Alle andere goederen zijn niet-registergoederen.
3
, Roerende zaken en onroerende zaken
Art. 3:3 BW maakt onderscheid tussen roerende en onroerende zaken. Onroerend zijn: de
grond, de nog niet gewonnen delfstoffen en de met de grond duurzaam verenigde
beplantingen en gebouwen. Alle zaken die niet onroerend zijn, zijn roerend.
1.4 De kandidaat stelt voor een situatie vast of er sprake is van houderschap,
eigendom en/of bezit.
Hoofdstuk 5 paragraaf 3 en 4 en hoofdstuk 7 paragraaf 2
Houderschap
De wetgever gebruikt de term houden in twee betekenissen. Houden in ruime zin duidt op
iedere vorm van feitelijke machtsuitoefening over een goed. Daarnaast wordt houden ook
gebruikt voor de situatie waarin iemand de feitelijke macht over een goed uitoefent voor een
ander. Dit is de betekenis van houden in enge zin. Feitelijke machtsuitoefening kan bestaan
uit bezit of houden in enge zin. In geval van bezit houdt iemand voor zichzelf. In geval van
houden oefent iemand de feitelijke macht over een goed uit voor een ander.
Bezitter of houder?
Hoe kun je nu weten of iemand bezitter is of houder? Art. 3:108 BW zegt dat dit naar
verkeersopvatting moet worden beoordeeld aan de hand van de regels over houden en bezit
van art. 3:109 t/m 3:117 BW. Meestal oefent de houder feitelijke macht uit voor een ander op
basis van een rechtsverhouding met die ander.
Eigendom
Eigendom, volgens art. 5:1 BW, is het meest omvattende recht dat een persoon op een zaak
kan hebben. Deze omschrijving wijst ons op twee karaktertrekken van het eigendomsrecht:
1. Eigendom geeft een volledig recht, de eigenaar mag binnen de grenzen van de wet
‘alles’ met zijn zaak doen.
2. Eigendom is een zakelijk recht, het kan alleen op zaken rusten, niet op rechten. Je kunt
eigenaar zijn van een huis, van een auto of van een brommer, maar niet van een aandeel
of van een vordering, want dit zijn rechten.

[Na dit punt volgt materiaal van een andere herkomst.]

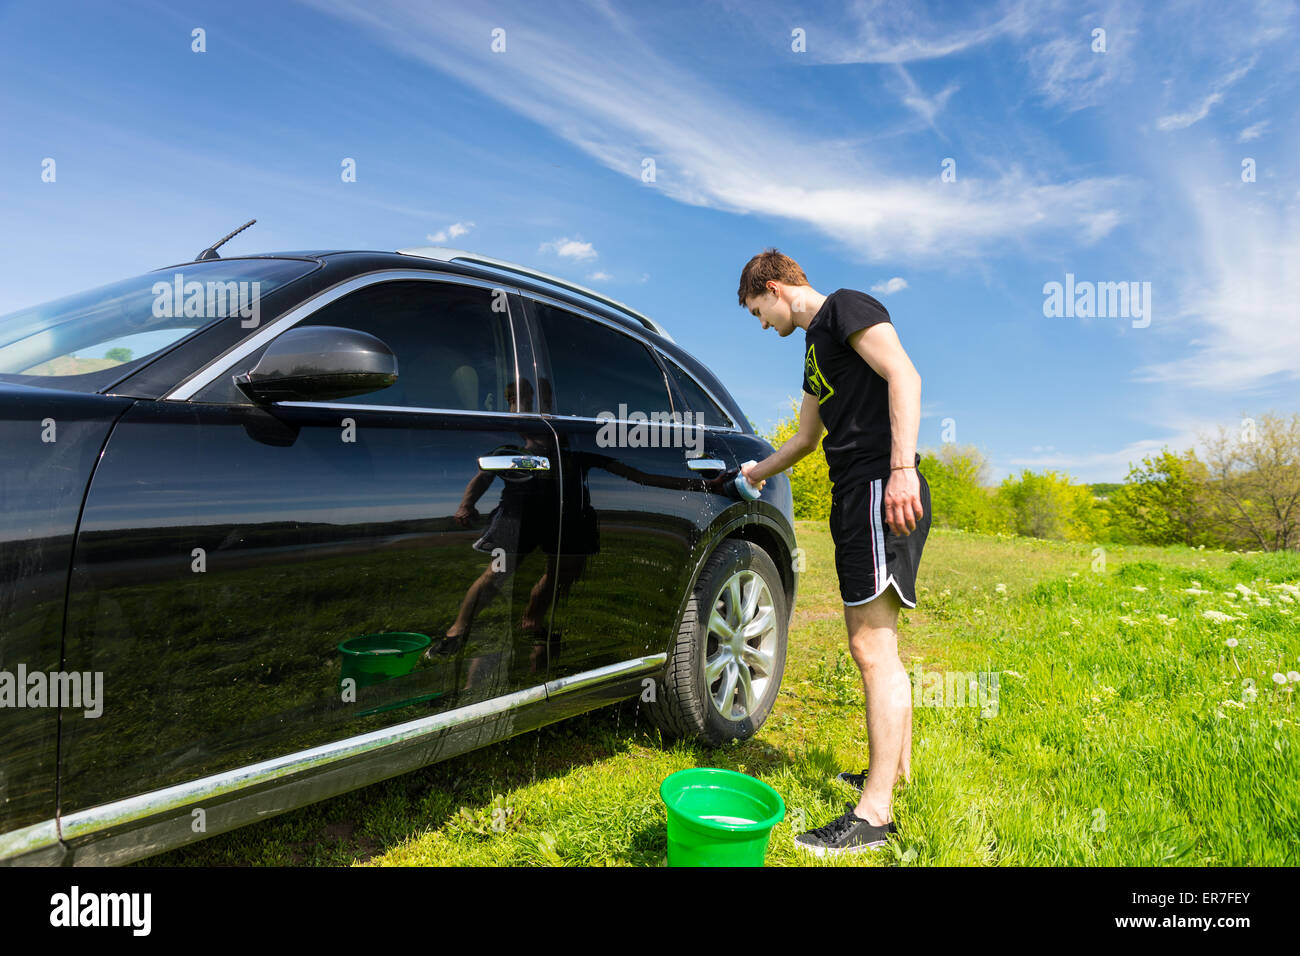 La longueur totale de l'homme lave voiture avec une éponge savonneuse en vert sur le terrain herbeux journée ensoleillée avec ciel bleu Banque D'Images
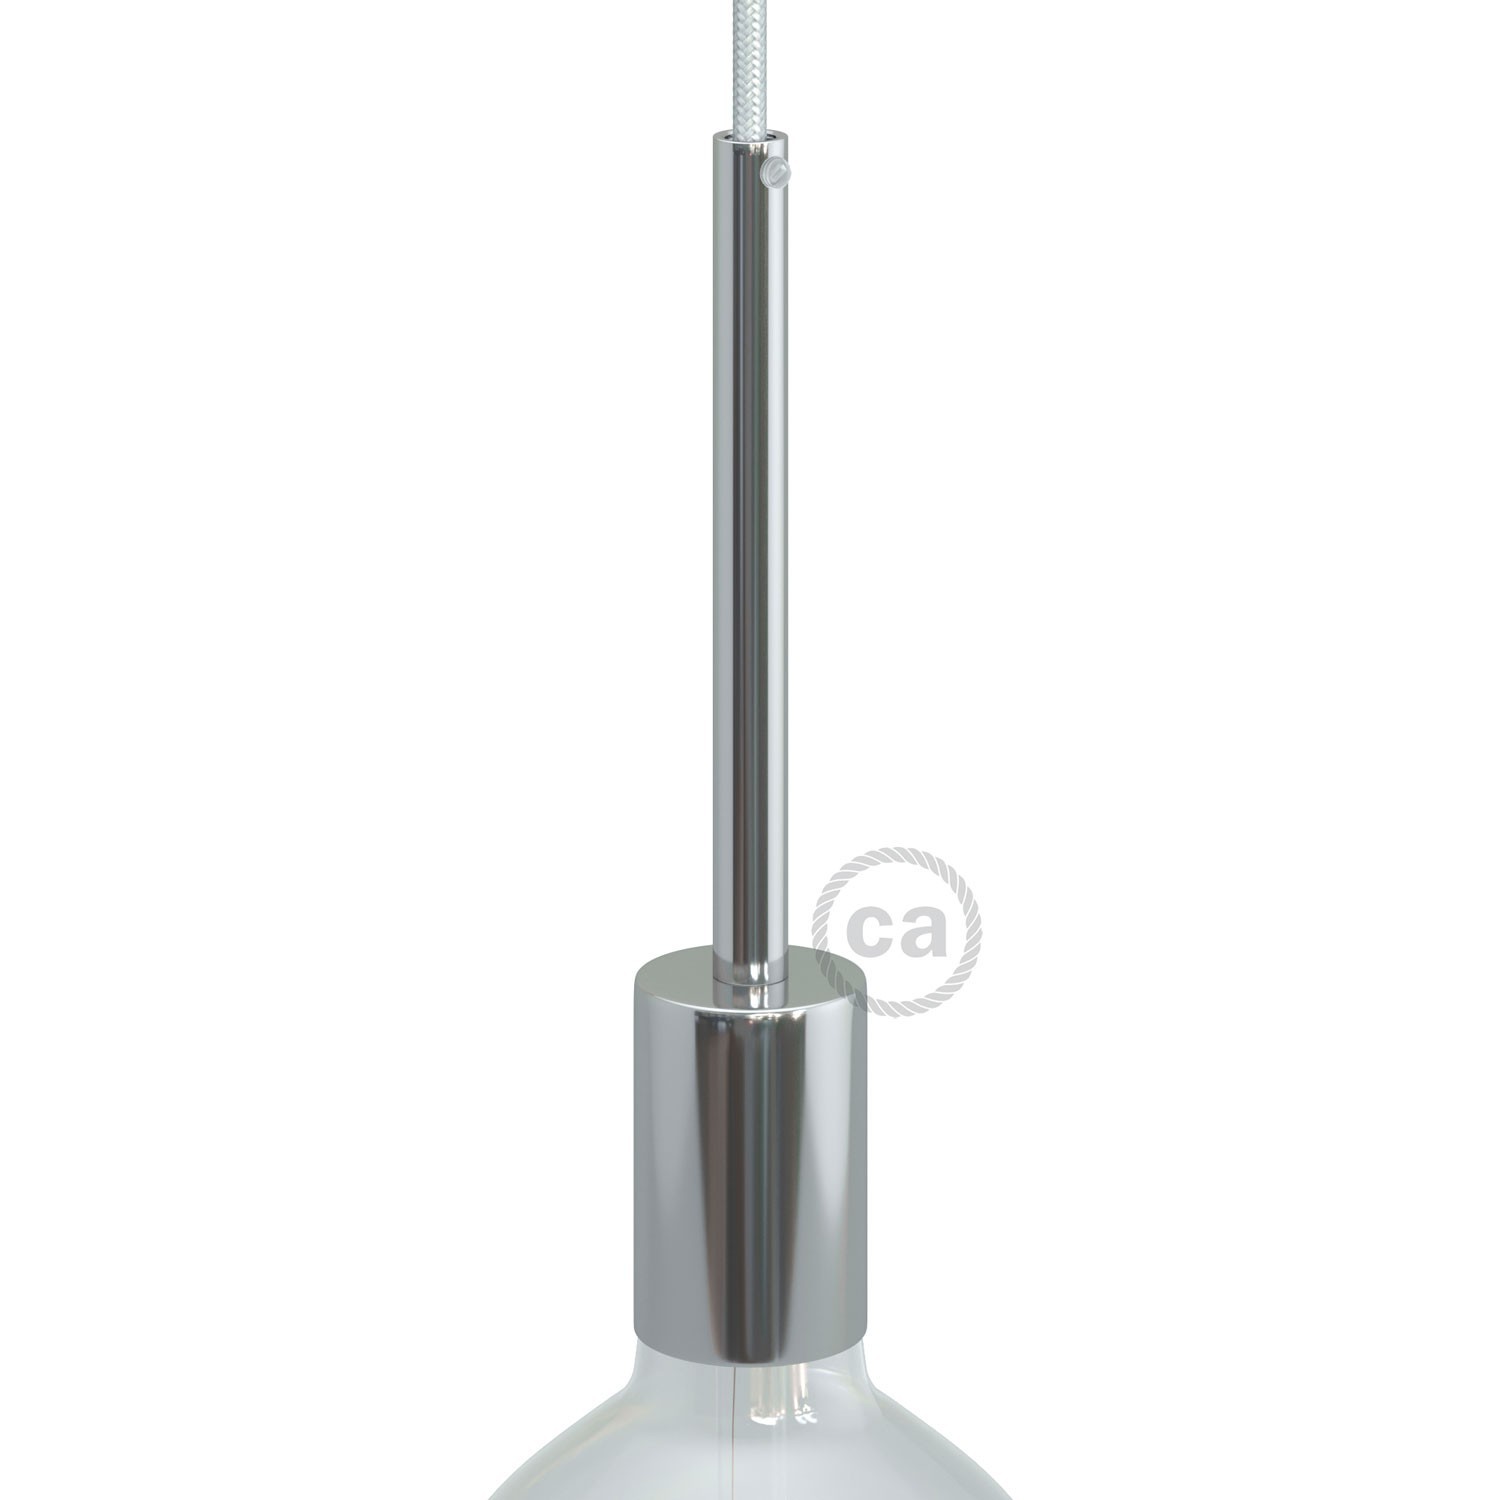 Kit cylindrisk lamphållare E27 i metall med 15 cm lång dravaglastare

Een ‘eigenaar’ van een vermogensrecht wordt rechthebbende genoemd.
Bezit
Bezit is houden voor zichzelf, volgens art. 3:107 lid 1 BW. Daarmee wordt bedoeld dat
iemand de feitelijke macht over een goed uitoefent en zich (terecht of ten onrechte) als
eigenaar gedraagt. Vaak zijn recht en bezit in een hand.
Recht en bezit in verschillende handen
Recht en bezit zijn in verschillende handen als bijvoorbeeld een dief iets heeft gestolen. De
dief is dan bezitter, want hij oefent feitelijke macht over het goed uit en gedraagt zich (ten
onrechte) als eigenaar. Maar een dief is geen eigenaar, want hij heeft geen recht op het
goed. Eigenaar is ook na de diefstal nog steeds degene van wie het goed gestolen is.
Bezit te goeder trouw en niet te goeder trouw
In het geval van een dief zeggen we dat de bezitter niet te goeder trouw is. Daarmee wordt
bedoeld dat degene die de feitelijke macht over het goed uitoefent, weet of behoort te weten
dat hij geen rechthebbende is. Een bezitter die niet weet en ook niet kan weten dat hij geen
rechthebbende is, noemen we een bezitter te goeder trouw (art. 3:118 BW).